Assuming we can’t point to any major shifts in traffic allocation within Facebook, were there any product or tracking changes on the client side?

If we can’t find any major shifts in Facebook traffic distribution, and performance is fluctuating for all / most high-volume ads, then we need to understand if anything changed with a client’s product (app or conversion funnel) or if any changes to tracking were made. With apps, we can see the version history in the app store or sites like App Annie. We can determine if any releases correlate with performance fluctuations. There could be changes to an app’s tracking that are not made through an app store release, so app store releases are not a definitive answer for whether changes were made, so it’s appropriate to ask a client if anything changed even if we don’t see any releases that correlate with performance fluctuation.

For web clients, the first step should be to visit the destination URL. Look for any obvious changes to the site or to the Facebook pixel. The Chrome browser extension for Facebook pixel help is very helpful. If we notice app store releases or changes to a website, then we should discuss the changes with the client and determine whether they are the cause of performance fluctuation. Comparing Facebook performance to performance across other high-volume traffic sources can help identify if the issue is global and appears to be caused by a product change.

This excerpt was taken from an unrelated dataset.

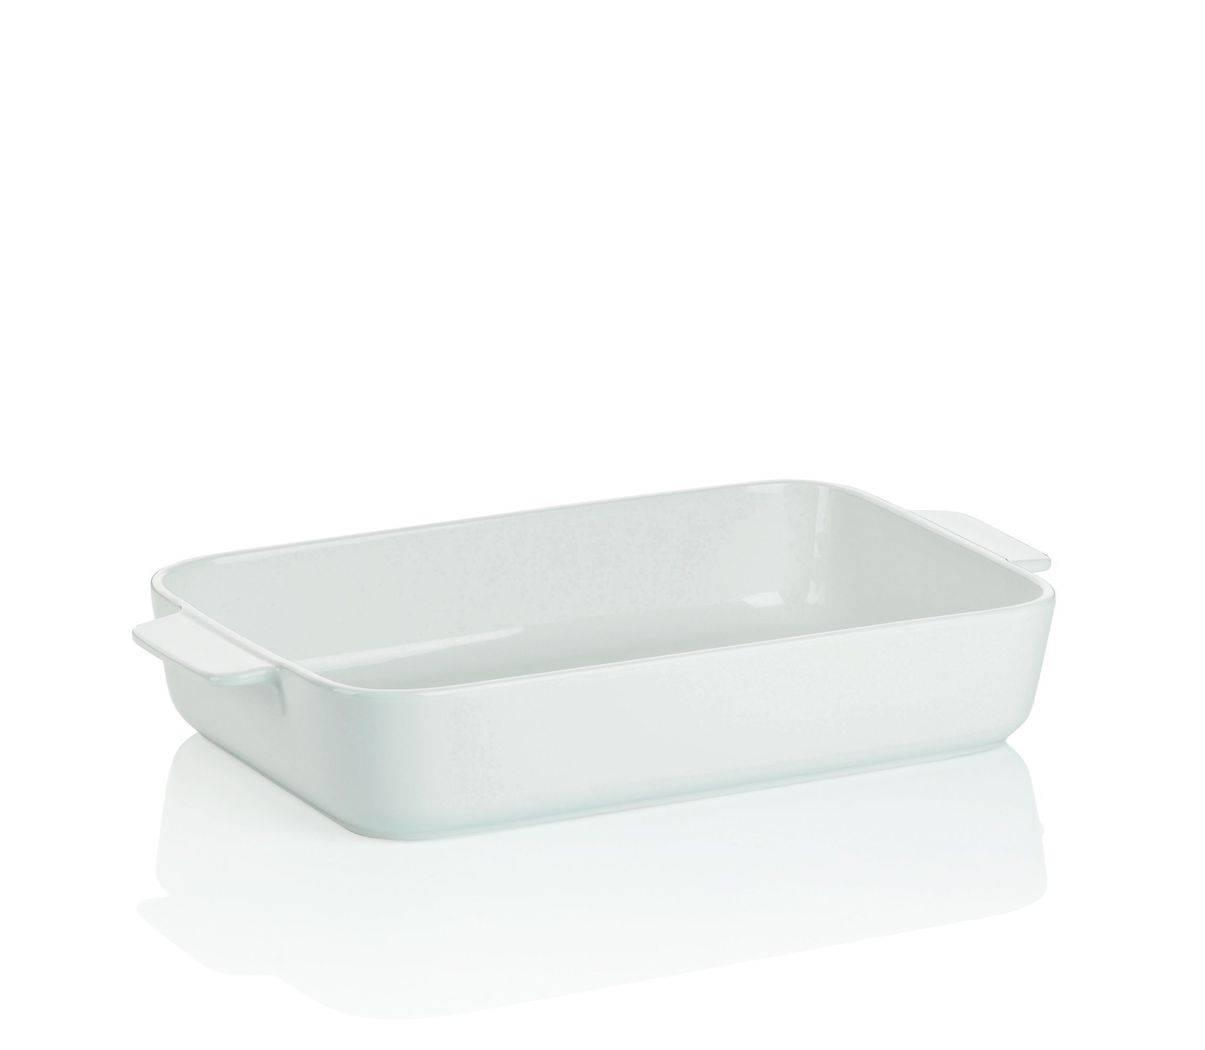 Pekáč ESTER 34,5x20x6 cm porcelán KL-11687 - Kela

 Assuming we can’t point to any changes on Facebook or the product, performance fluctuation may be caused by macro events that are outside of our control.

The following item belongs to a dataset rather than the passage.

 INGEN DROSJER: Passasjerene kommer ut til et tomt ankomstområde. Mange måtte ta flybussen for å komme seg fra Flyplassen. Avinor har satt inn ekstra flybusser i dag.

If we’re unable to identify shifts in Facebook traffic or a client’s product, then we may be dealing with macro events that are outside of our control. For instance, competition on Facebook may shift end of the month, end of the quarter, and end of the year. We also see major shifts in performance around national holidays and seasonal events like summer when school is out and human behavior changes.

There are also events like the start of NFL season when daily fantasy sports companies disrupt the Facebook marketplace by increasing aggressiveness. We can also look across our portfolio to determine if the fluctuation is client-specific or global. If we see performance fluctuation with most / all clients during the same time frame, then we will have higher confidence that we’re not in control of the fluctuation.

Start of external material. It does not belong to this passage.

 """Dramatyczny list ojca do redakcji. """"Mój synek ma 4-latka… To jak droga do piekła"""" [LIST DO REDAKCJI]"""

Lastly, the release of competitor apps could also play a large factor in diagnosing performance fluctuations. If we’ve completed a thorough analysis of Facebook changes and product changes, and we still can’t explain the performance fluctuation, then we need to work with clients to determine whether we should temporarily reduce spend until fluctuation normalizes. Or, determine if we should increase testing in an effort to produce a win that will offset the fluctuation. In most cases, it makes sense to temporarily reduce spend because new ads that are launched during volatile marketplaces often perform poorly, regardless of creative and audiences.

 

 

Achieving UA Mastery Conclusion

 

Artificial intelligence will play a key role (if not THE role) in the future of user acquisition.

Even now, AI can run many key components of UA more effectively and more efficiently than humans can. So instead of spending time and overhead on quantitative tasks, UA managers should pivot into creative strategy, development, and testing if they want to keep their jobs.

This can be an exciting shift into UA management 2.0 if you’re agile enough to keep pace with all the changes.

Note that we do anticipate AI will eventually scale creative production beyond human capacity. It will eventually learn to create videos and develop copy in a greater capacity than people. But we are still years away from that reality. At least for now, creative is king, and humans can still do it best.